Why can I estimate the variance if I already estimated the mean in this way?

Question

In my lectures it's discussed the estimation of $Var(X)$ in the case I have already estimated $E(X)$, but there is something I don't know if it's a problem or not.

Suppose $Var(X) = f(E(X))$ , for example in the case of a bernoulli r.v. we have $Var(X) = E(X)(1-E(X))$ , besides I have estimated $ E(X) $ to be $ \hat{\theta} $ then I could use as a estimate of $Var(X)$ the function $f(\hat{\theta})$ .

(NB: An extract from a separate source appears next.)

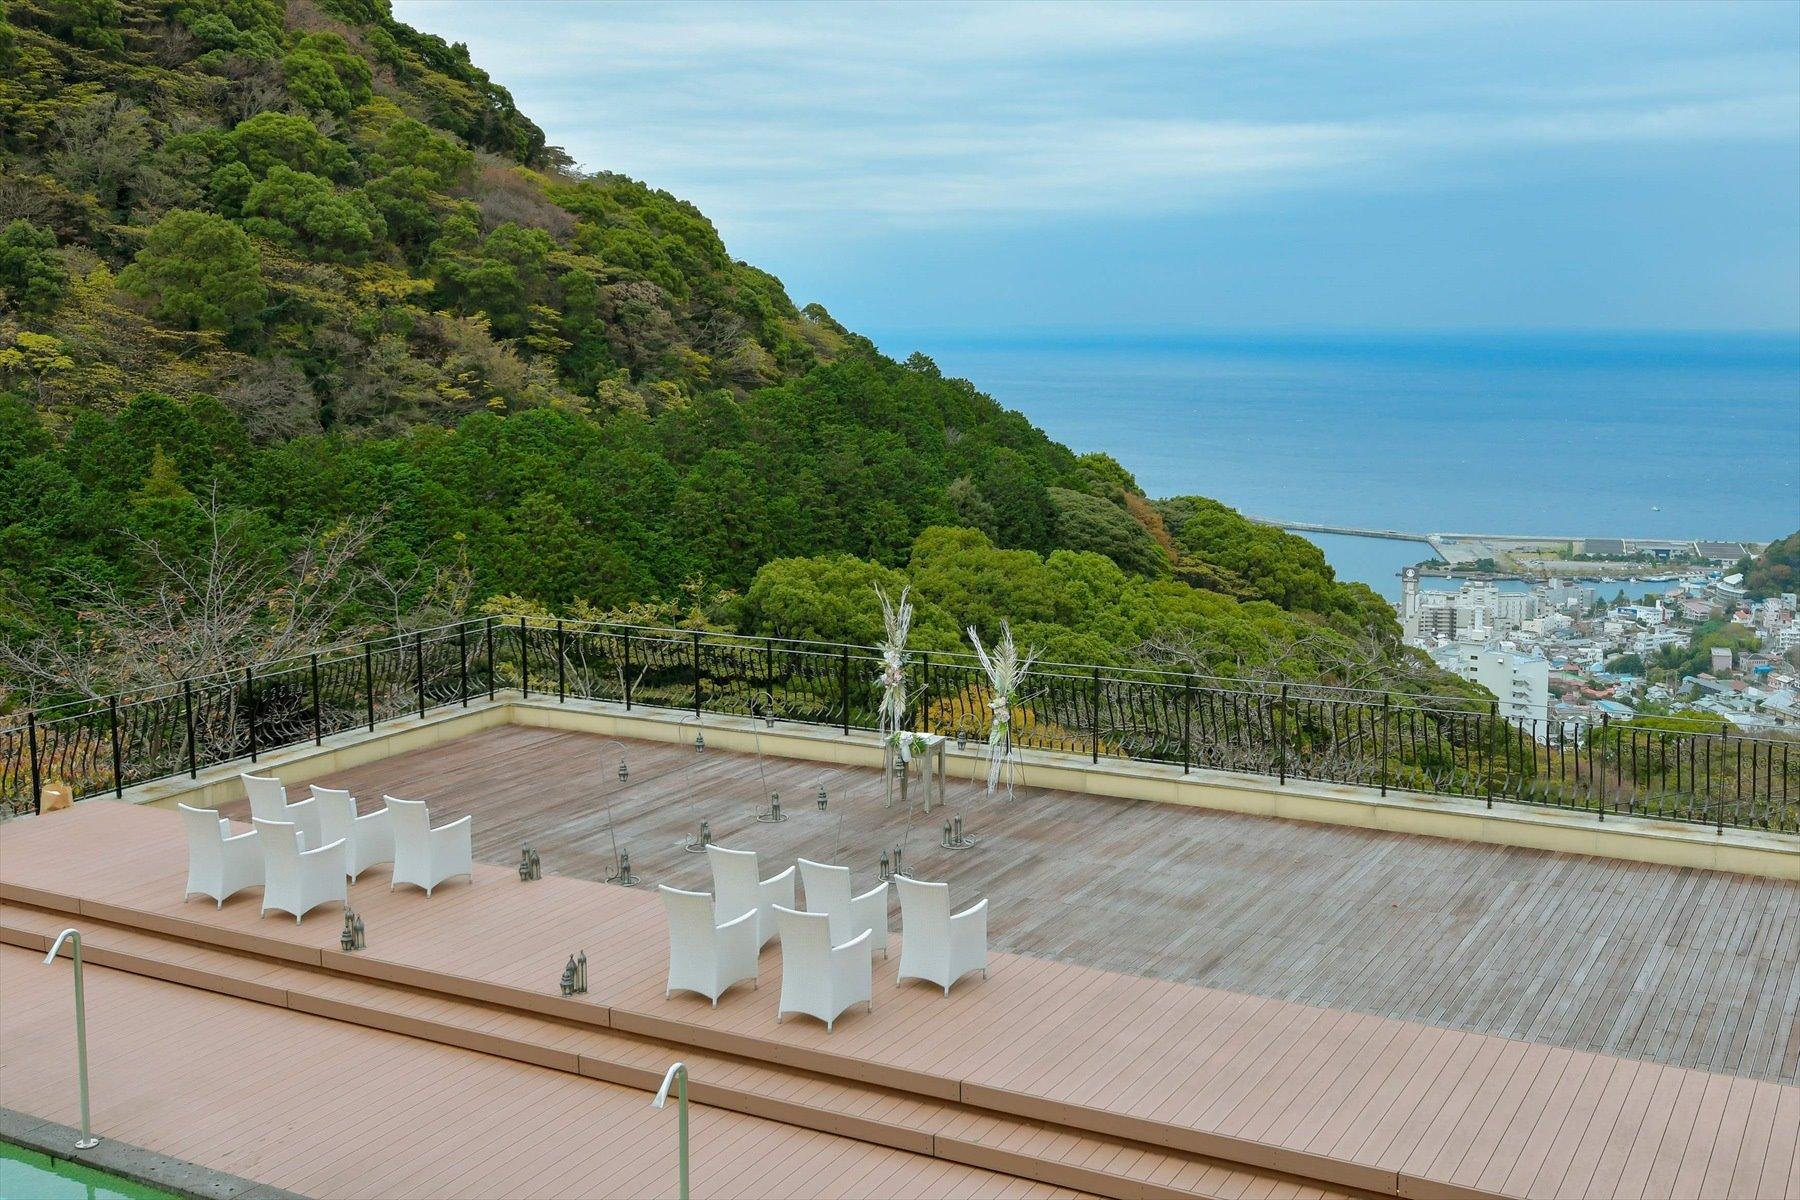 静岡県熱海結婚式場全景 アウトドアウェディング 会場装飾

However, in this reasoning I think there is something not so clear about the error in the estimate because if the estimate of $E(X)$ is not exact (which is always the case) then the estimate of $Var(X)$ could be much more inaccurate depending on the actual function $f$.

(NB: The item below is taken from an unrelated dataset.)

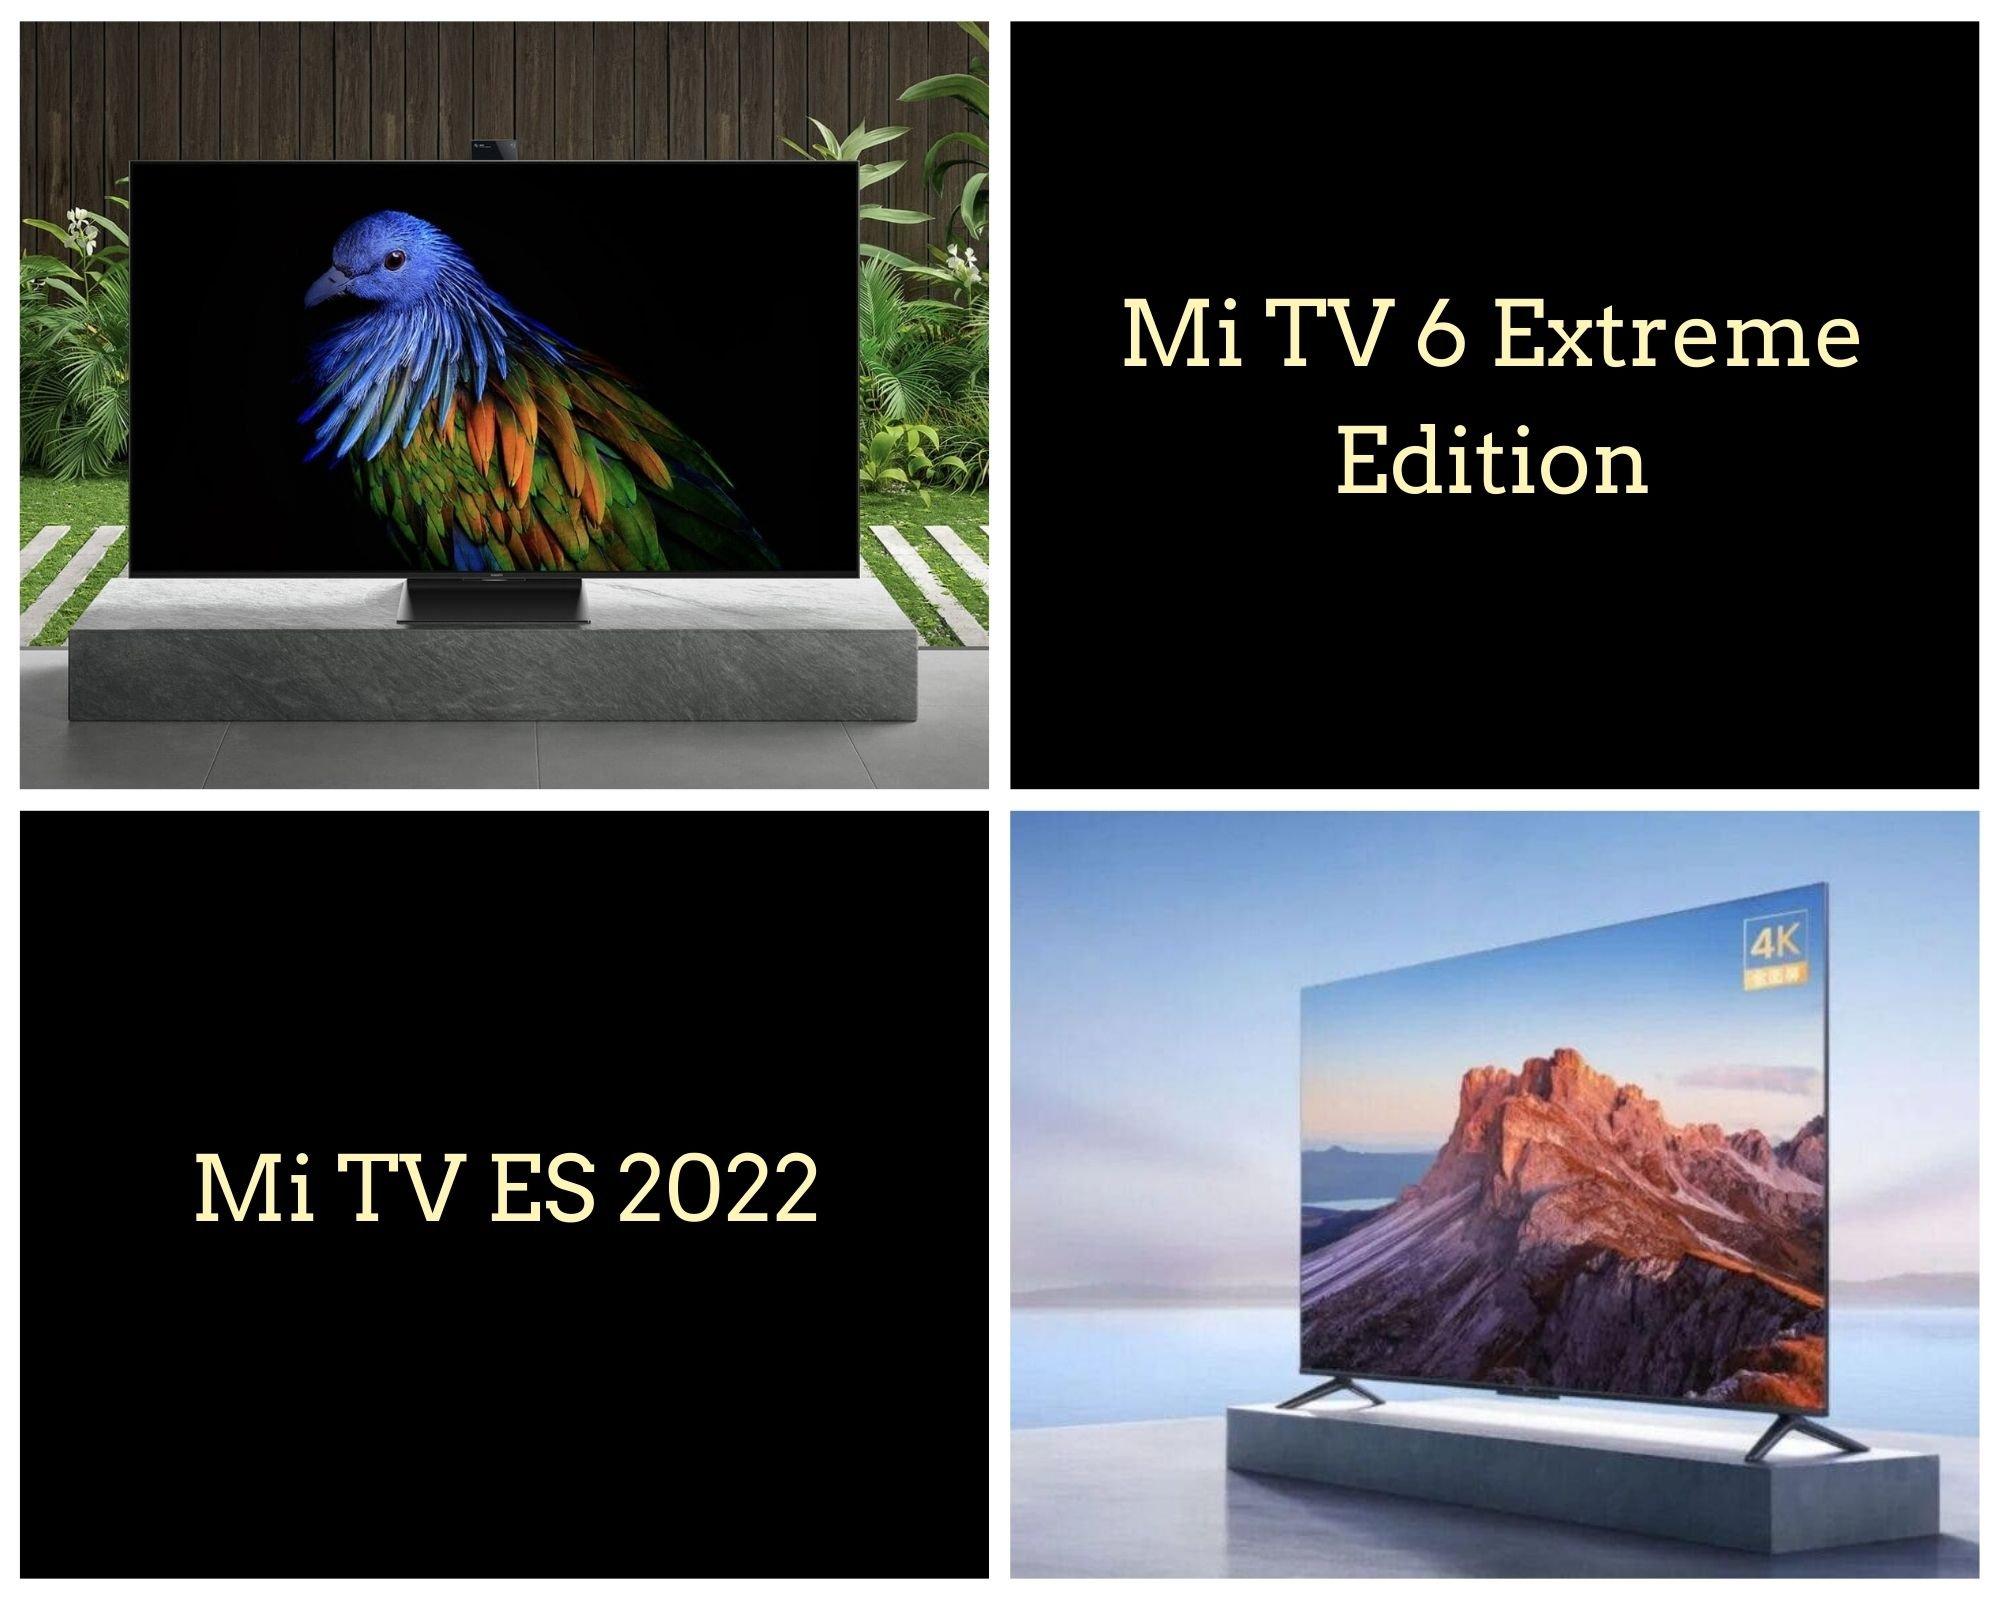 Mi TV 6 Extreme Edition And Mi TV ES 2022

Is this method used because it's assumed that the estimate $\hat{\theta}$ is equal to the actual value of $E(X)$? I don't have much knowledge in statistical inference so I don't know if this is a real problem. Is this a true problem?

Answer 1

What @Ian said, is true, though not complete: for special distributions (like Bernoulli), there may be a sufficient statistic which (loosely speaking) contains all the information in the sample about the paramer(s). For a more formal discussion, see here: https://en.wikipedia.org/wiki/Sufficient_statistic#Bernoulli_distribution

So while in general, you'd estimate a variance by the sample variance, you'd better use a function of the sufficient statistic in this special case. Now $\hat{\theta}(1-\hat{\theta})$ would be biased, because an easy calculation shows $\displaystyle\mathbb{E}\hat{\theta}(1-\hat{\theta})=\frac{n-1}n\,p(1-p)$, but the remedy is obvious: use $\displaystyle\frac{n}{n-1}\,\hat{\theta}(1-\hat{\theta})$ as an estimator, then.

Answer 2

If you have an estimator $\hat\theta$ for a parameter $\theta$ and you are interested in estimating $h(\theta)$ for some function $h$, then it is legitimate to propose $h(\hat\theta)$ as an estimator for $h(\theta)$. You are correct that if there is uncertainty in $\hat\theta$, then that uncertainty will propagate to $h(\hat\theta)$. A simple way to assess the uncertainty is to expand $h(\hat\theta)$ in a one-term Taylor approximation around $\theta$: $$ h(\hat\theta) \approx h(\theta) + h'(\theta)(\hat\theta-\theta).\tag1$$ This gives a rough measure of the variance for $h(\hat\theta)$, namely: $$ \operatorname{Var}(h(\hat\theta))\approx [h'(\theta)]^2 \operatorname{Var}(\hat\theta).\tag2 $$ You can interpret (2) as an approximate relation between the variance of $\hat\theta$ and the variance of $h(\hat\theta)$ .

Taking expectations in (1) also gives a rough measure of the expectation of $h(\hat\theta)$. This first-order approximation to the mean and variance of $h(\hat\theta)$ is often called the delta method. An example of its use, applied to estimation of $p(1-p)$ in the Bernoulli case, is here.